=== Section Start ===

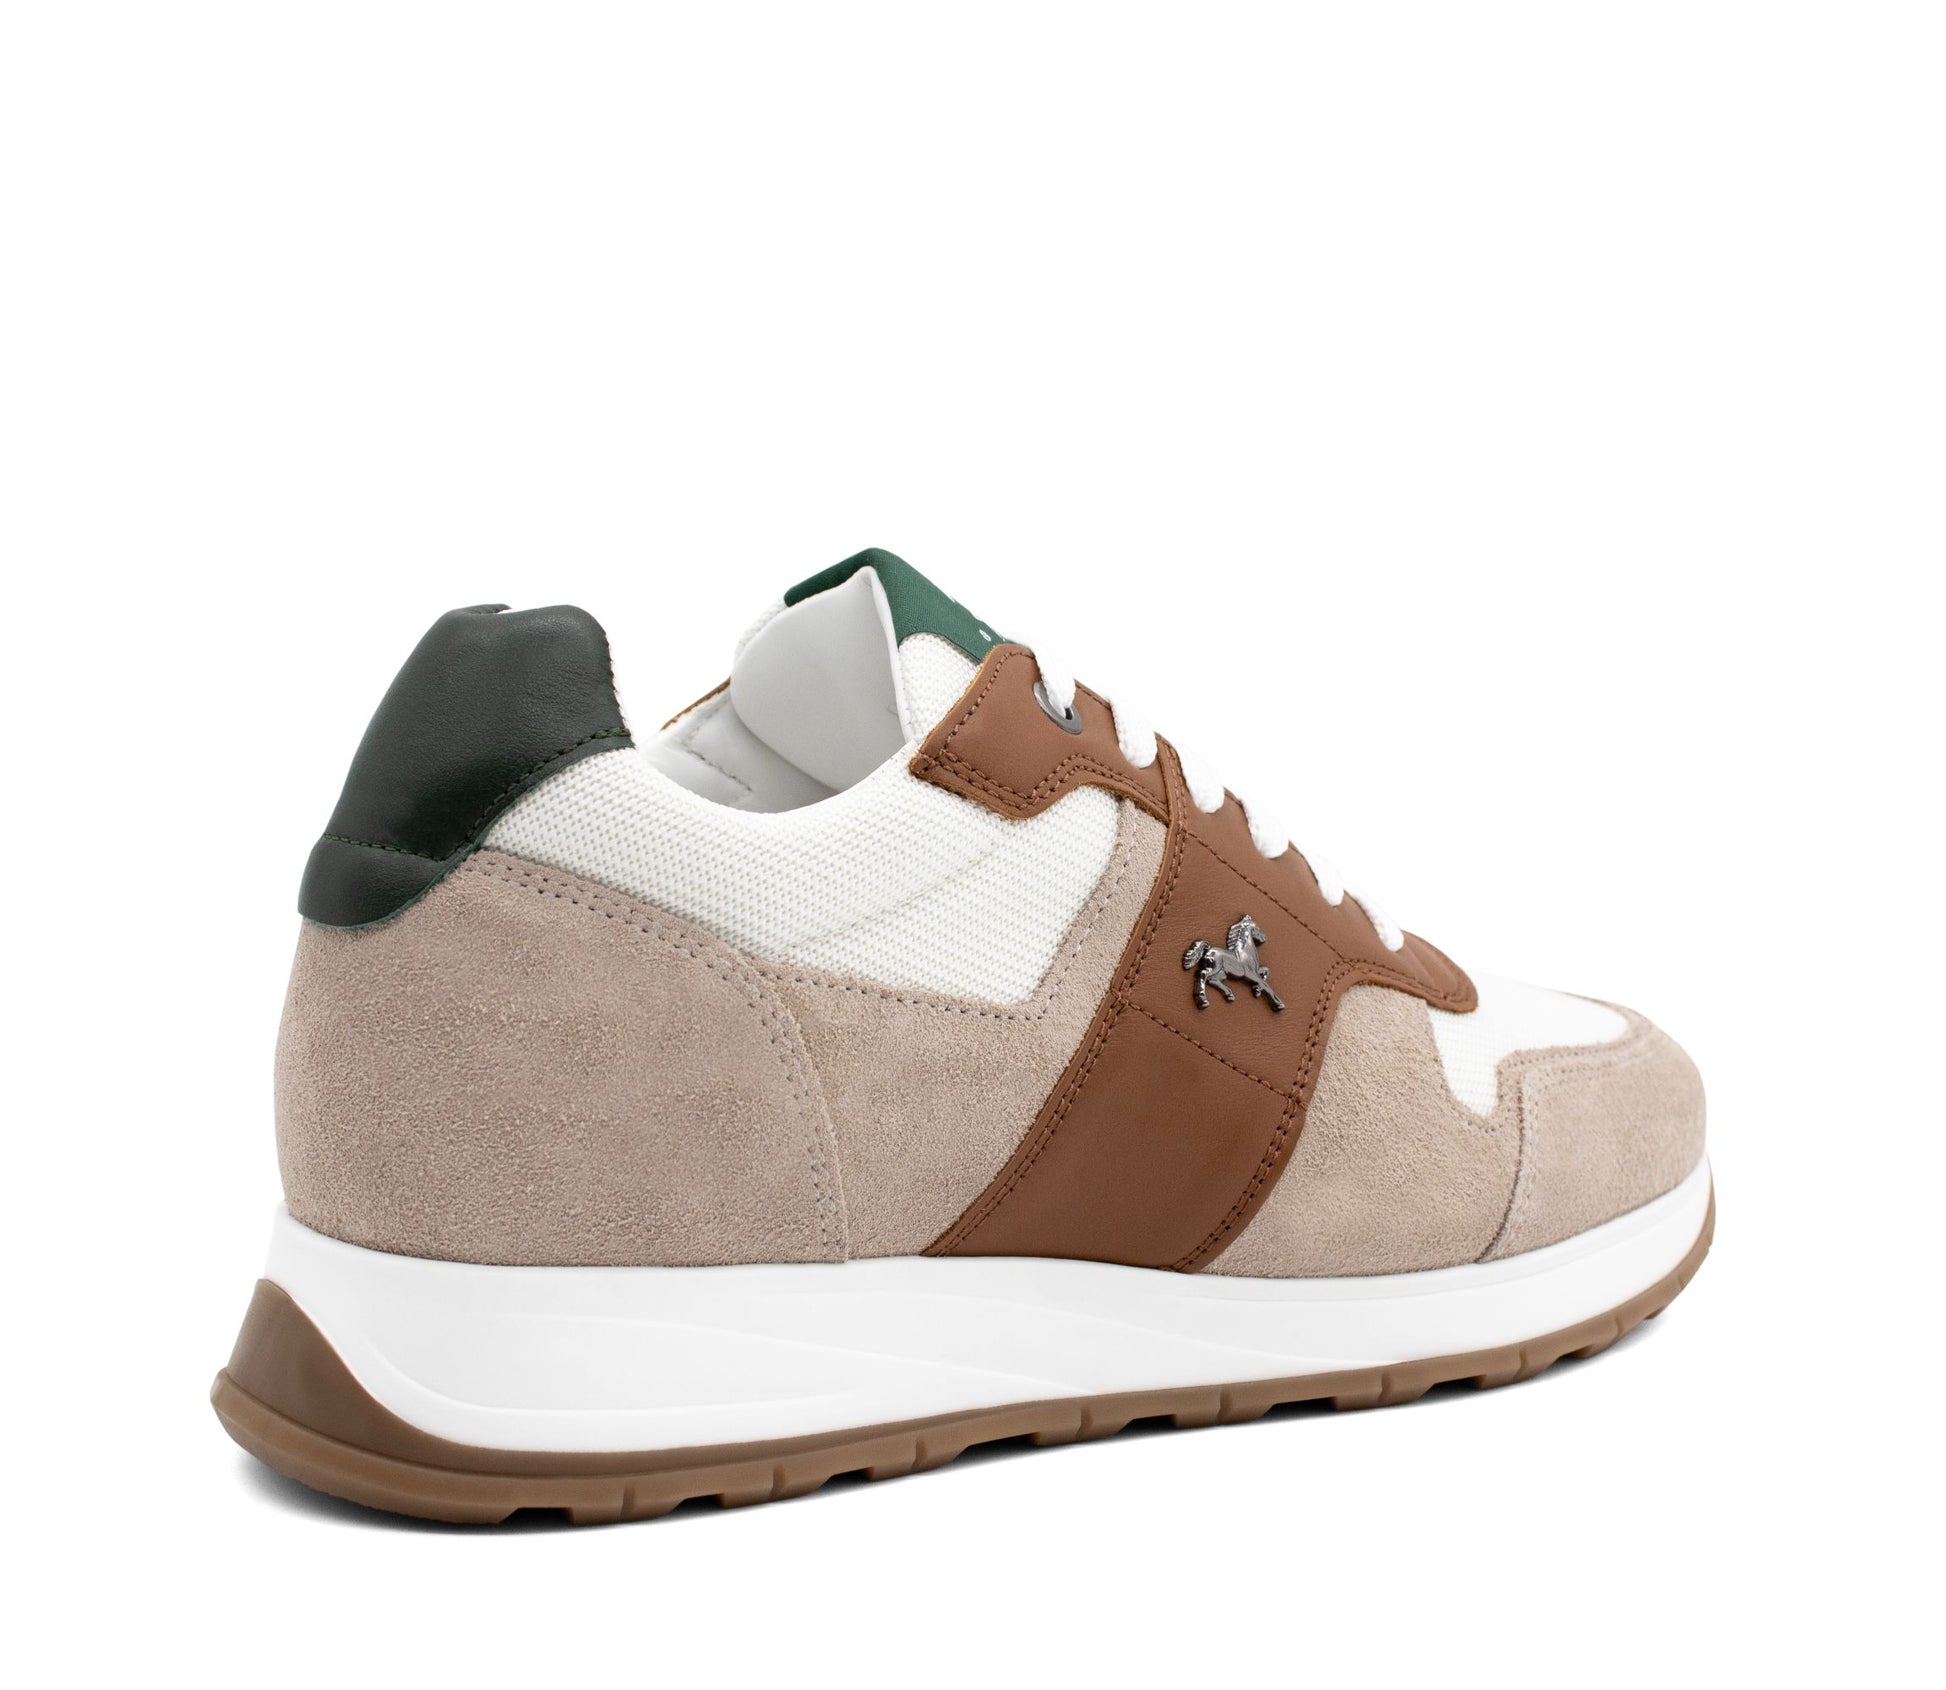 #color_ Beige | Cavalinho Cheval Casual Leather Sneakers - Beige - 48130105.31_3
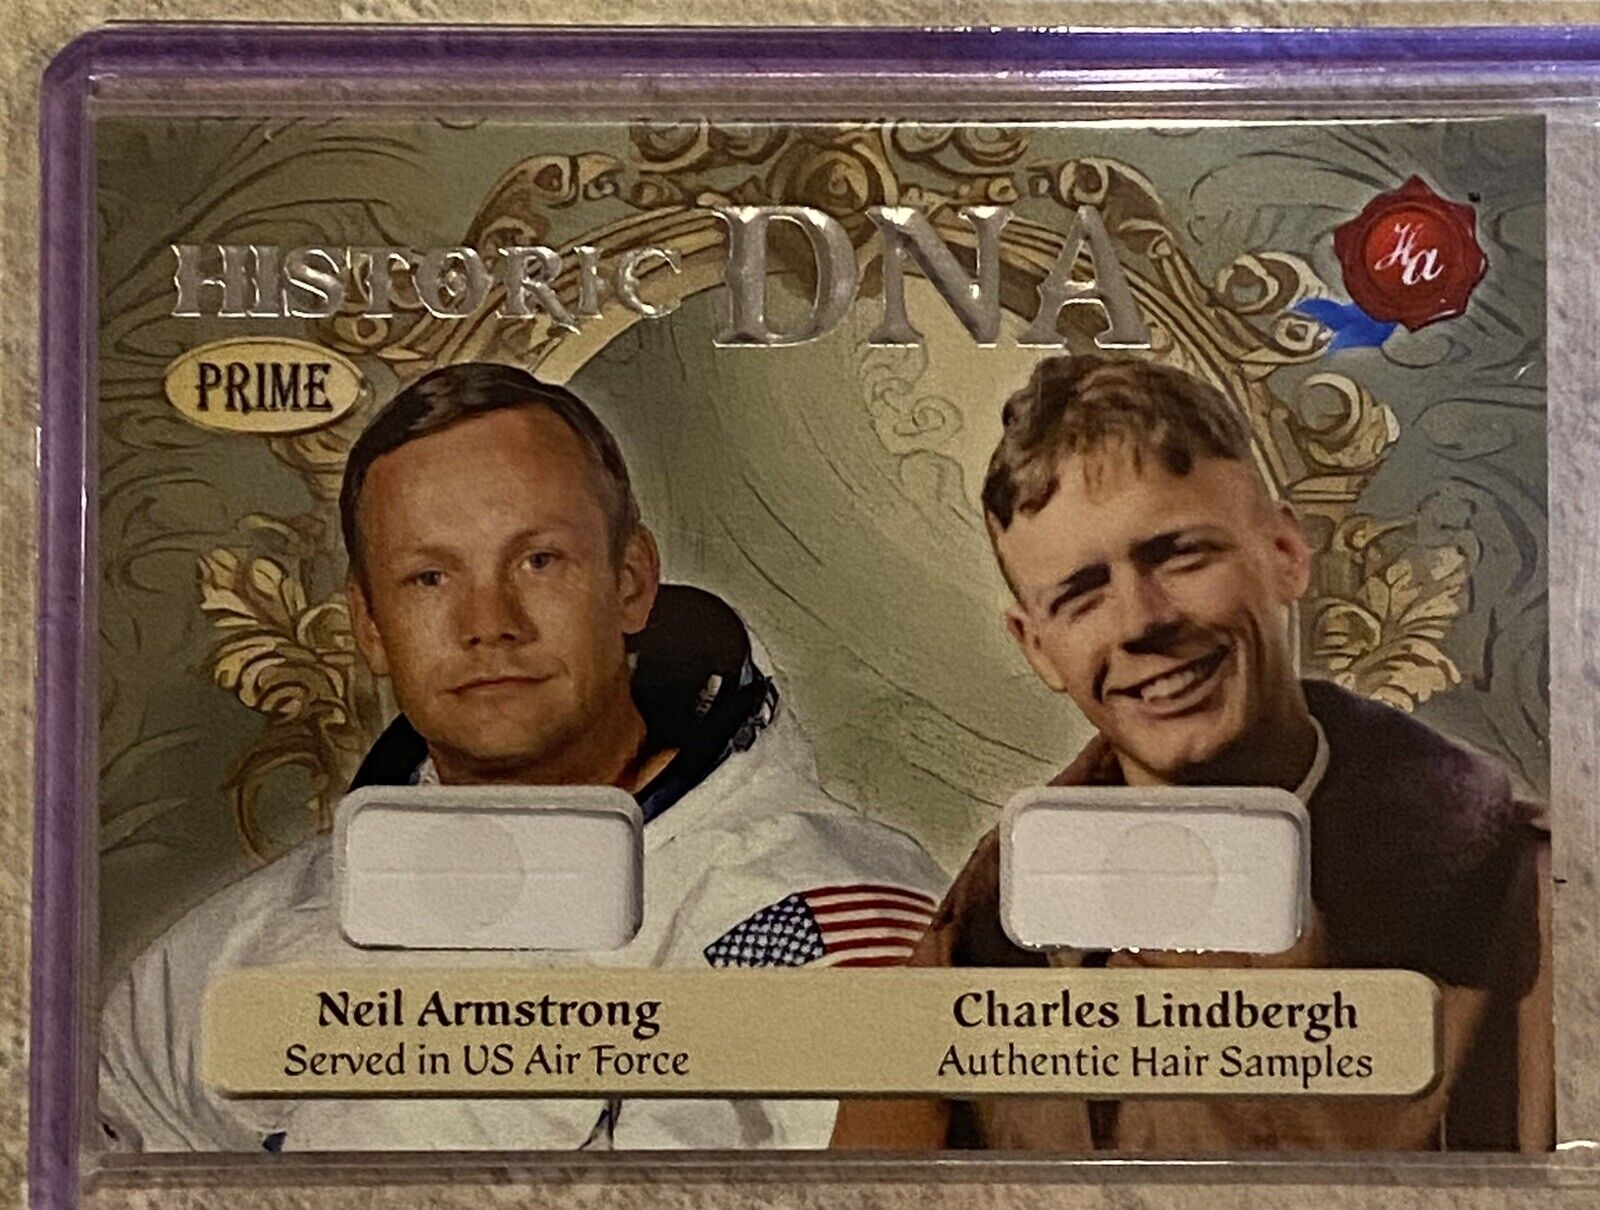 2024 HISTORIC AUTOGRAPHS PRIME NEIL ARMSTRONG CHARLES LINDBERG DUAL DNA RELIC
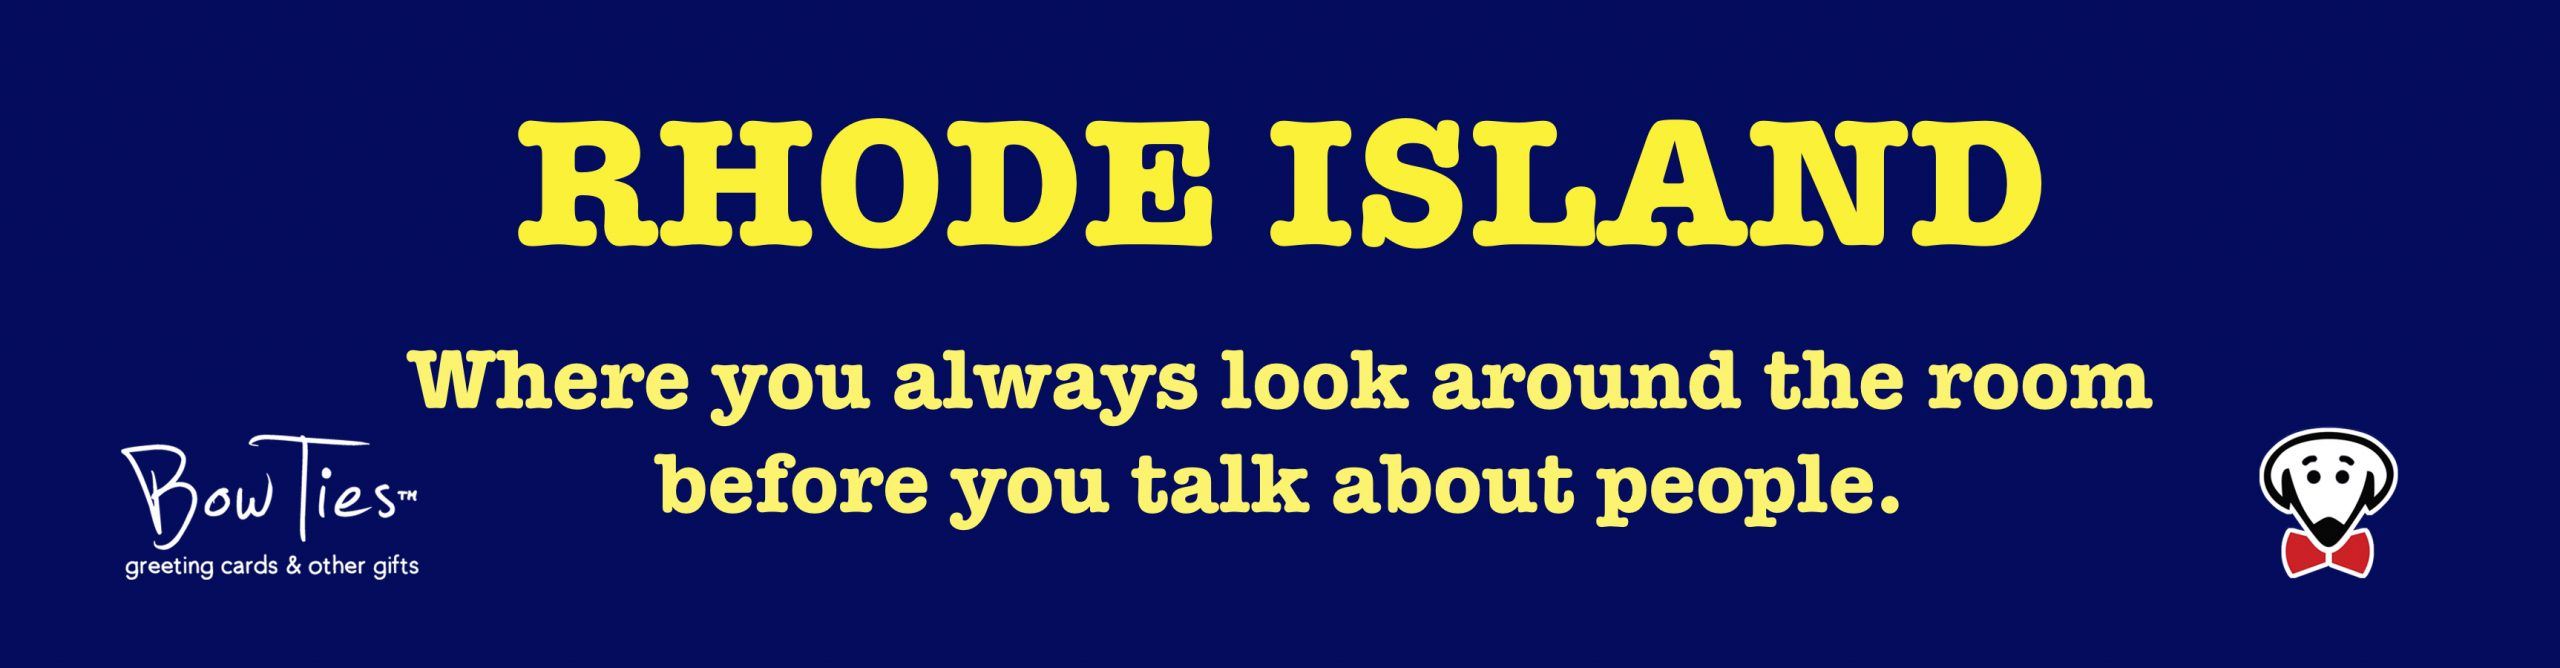 RHODE ISLAND Where you always look around the room before you talk about people. – sticker

=== Section End ===

Reproduce all of the material above word for word. Omit the pictures.

> **Exercise answer**:
 #color_ Beige | Cavalinho Cheval Casual Leather Sneakers - Beige - 48130105.31_3
 2024 HISTORIC AUTOGRAPHS PRIME NEIL ARMSTRONG CHARLES LINDBERG DUAL DNA RELIC
 RHODE ISLAND Where you always look around the room before you talk about people. – sticker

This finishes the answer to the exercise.